An ounce of prevention

Plagiarism is a relatively easy problem to detect, in part because it's an issue that affects that academic community well beyond science. Computer algorithms to detect duplications of text have already proven successful at detecting plagiarism in papers in the physical sciences. The arXiv now uses similar software to scan all submissions for signs of plagiarized text. As this report was being prepared, the publishing service Crossref announced that it would begin a pilot program to index the contents of the journals produced by a number of academic publishers in order to expose them for the verification of originality. Thus, catching plagiarism early should be getting increasingly easy for the academic world.

Both Ginsparg and Roberts point out that part of the plagiarism problem may stem from different cultural norms in an increasingly international scientific community. It's a problem that Dr. Roberts thinks may be exacerbated by the fact that English is a second language for many scientists; the temptation to "borrow" well-written English phrases can be strong. He suggests that part of the solution is to expand the role of courses in scientific ethics at universities. Roberts feels strongly that these courses need to be strengthened by the inclusion of case studies and kept up-to-date by the adding a discussion of issues such as image manipulation via software.

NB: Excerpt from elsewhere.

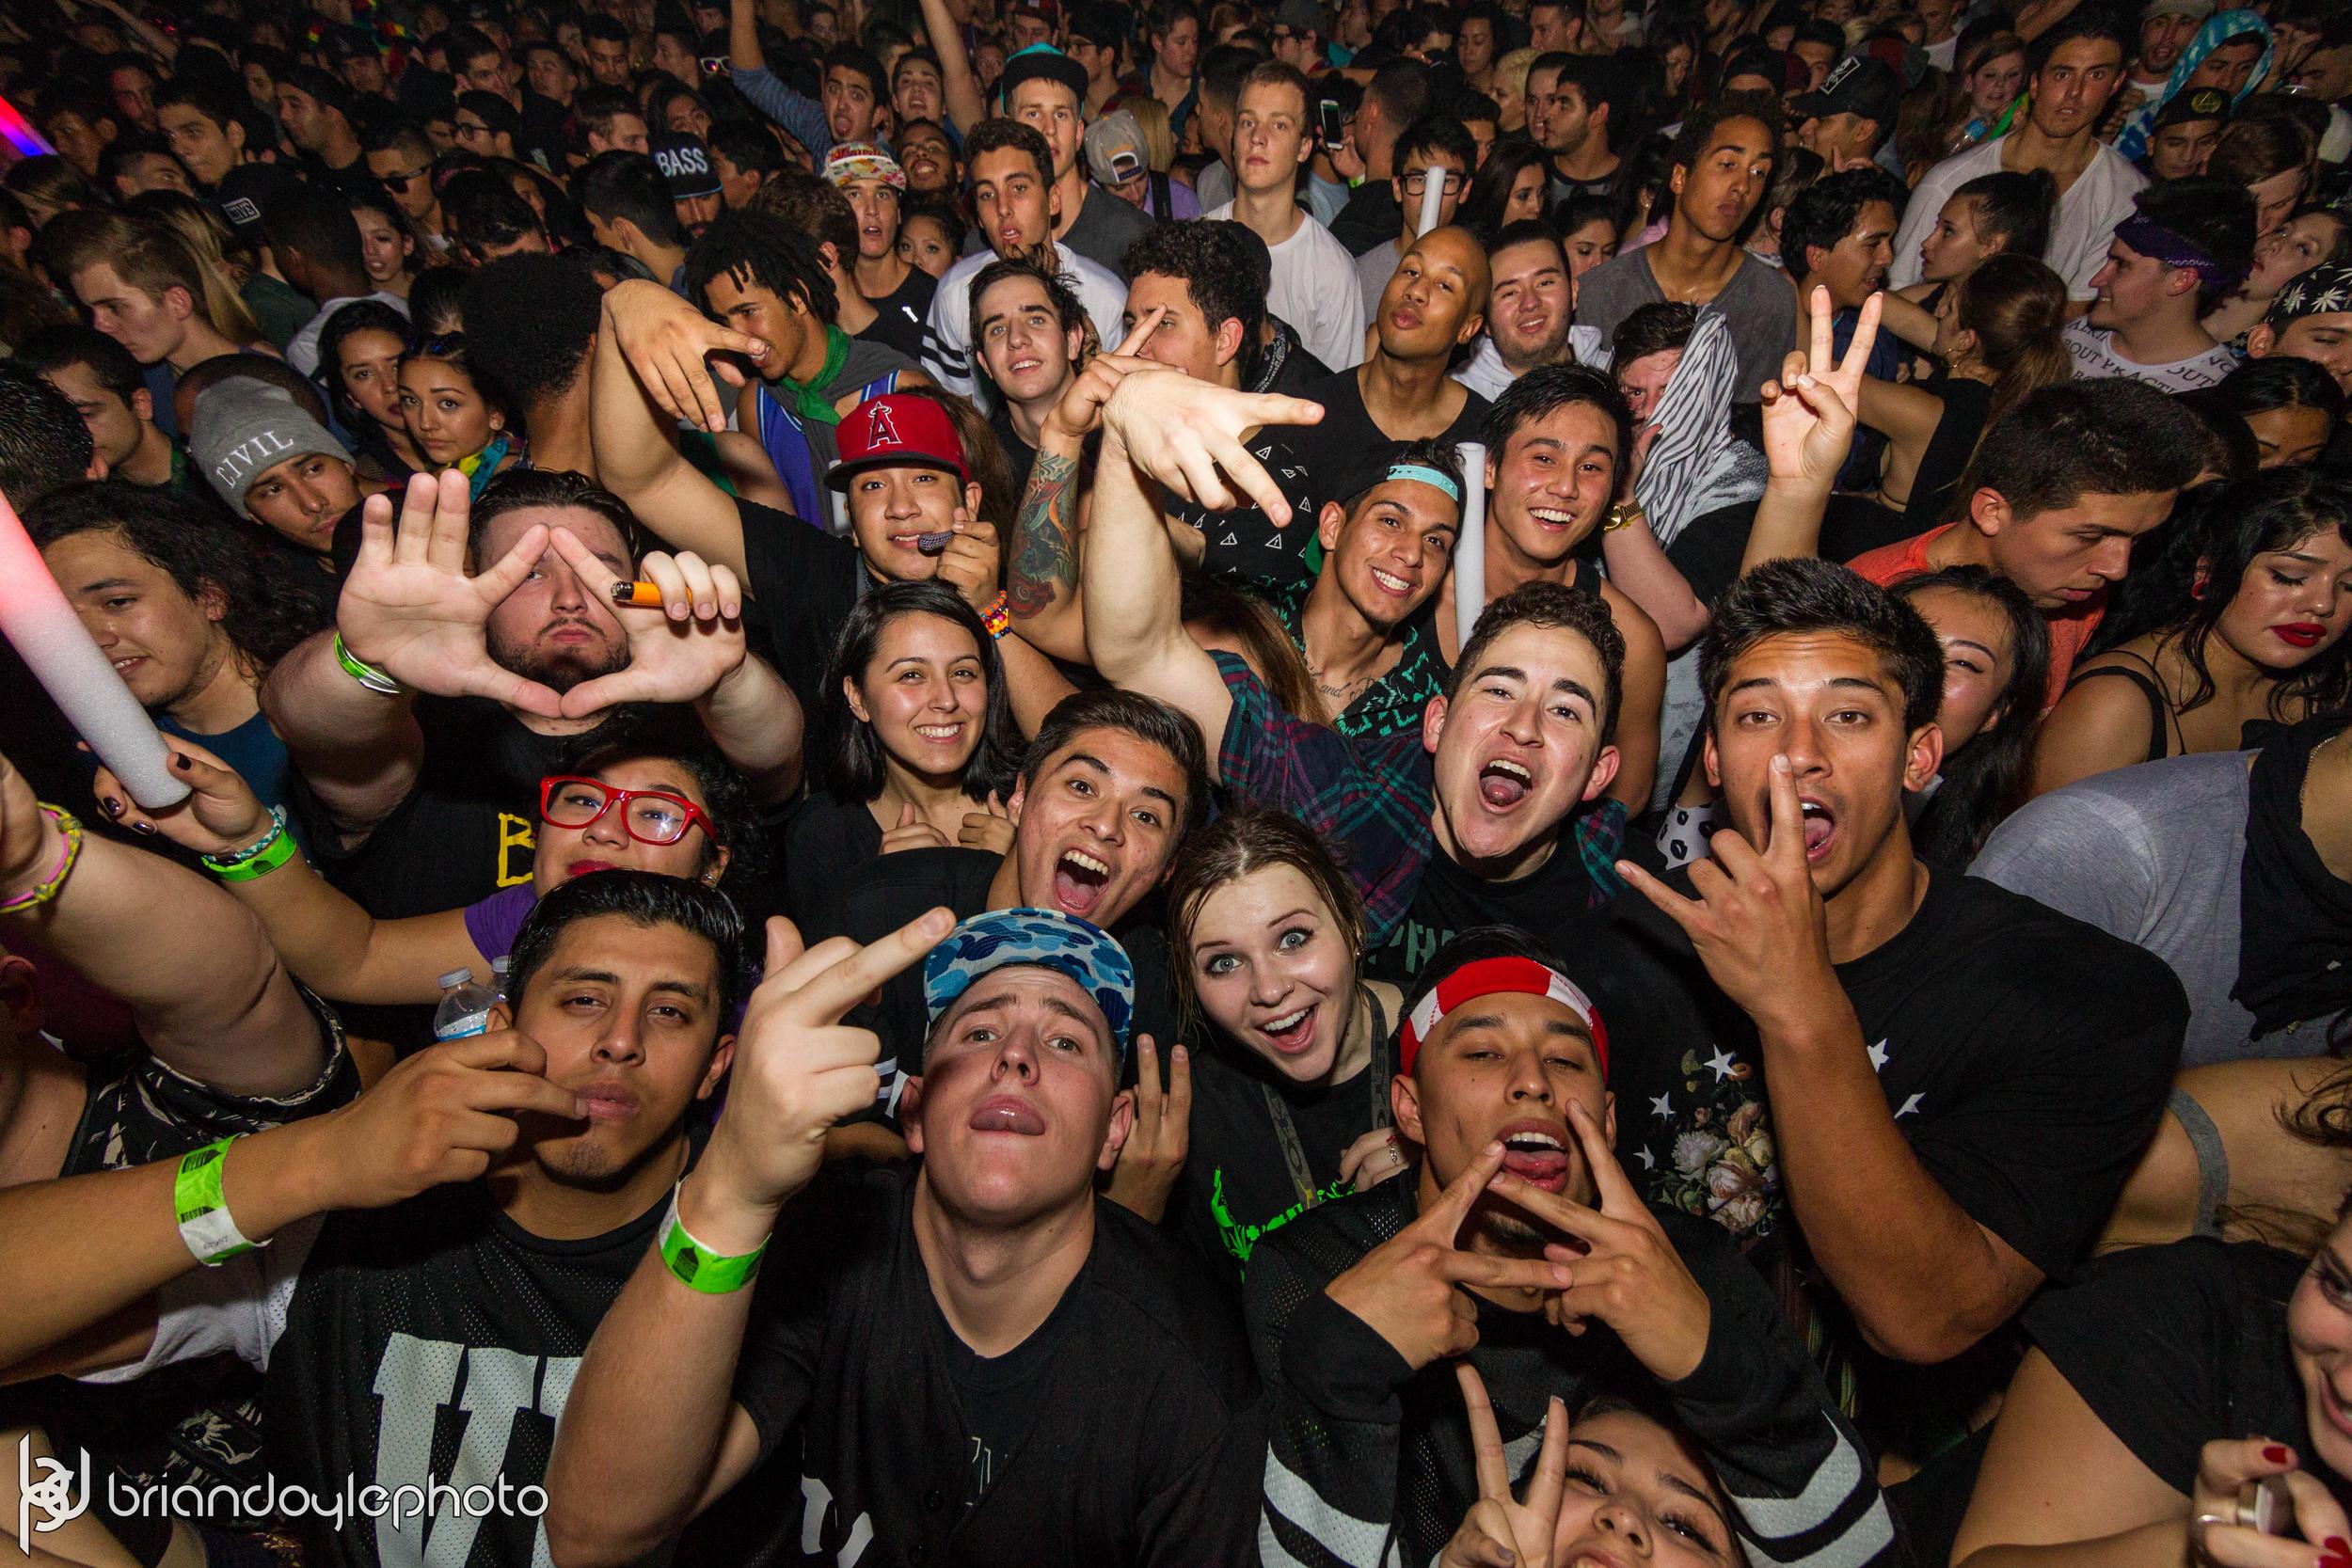 OMFG NYE 2015 LA - Flosstradamus, GTA, Branchez, Curtis Williams and Two 9 2014.12.29 -27.jpg

As a result of his experience, Dr. Roberts has instituted strict guidelines for the handling of digital images in his lab, but he finds that few others have considered instituting preventative practices. "Investigators have to think about the integrity of their data and making sure that raw data, as much as possible, is put in a read-only file," he said. "The initial raw image needs to stay in a lock box." Again, however, this solution does not extend to the publishing community; Roberts never had to provide any raw data as part of the peer review process, an experience that's typical for most submitted manuscripts.

Until journals institute standards that are likely to catch more instances of fraud, the burden of maintaining scientific integrity will fall outside of the peer review process and remain in the hands of individual investigators. It will require them to strike a balance between encouraging independence and the exchange of data with keeping close watch on those who work for them while enforcing robust standards for data maintenance. To an extent, it seems to require a paranoia that's somewhat antithetical to the open exchange of scientific ideas. As Roberts said, "I'm going to be much more suspicious of things from now on, and I'm not sure that's entirely a good thing. This takes a huge piece out of you in terms of your optimism about science."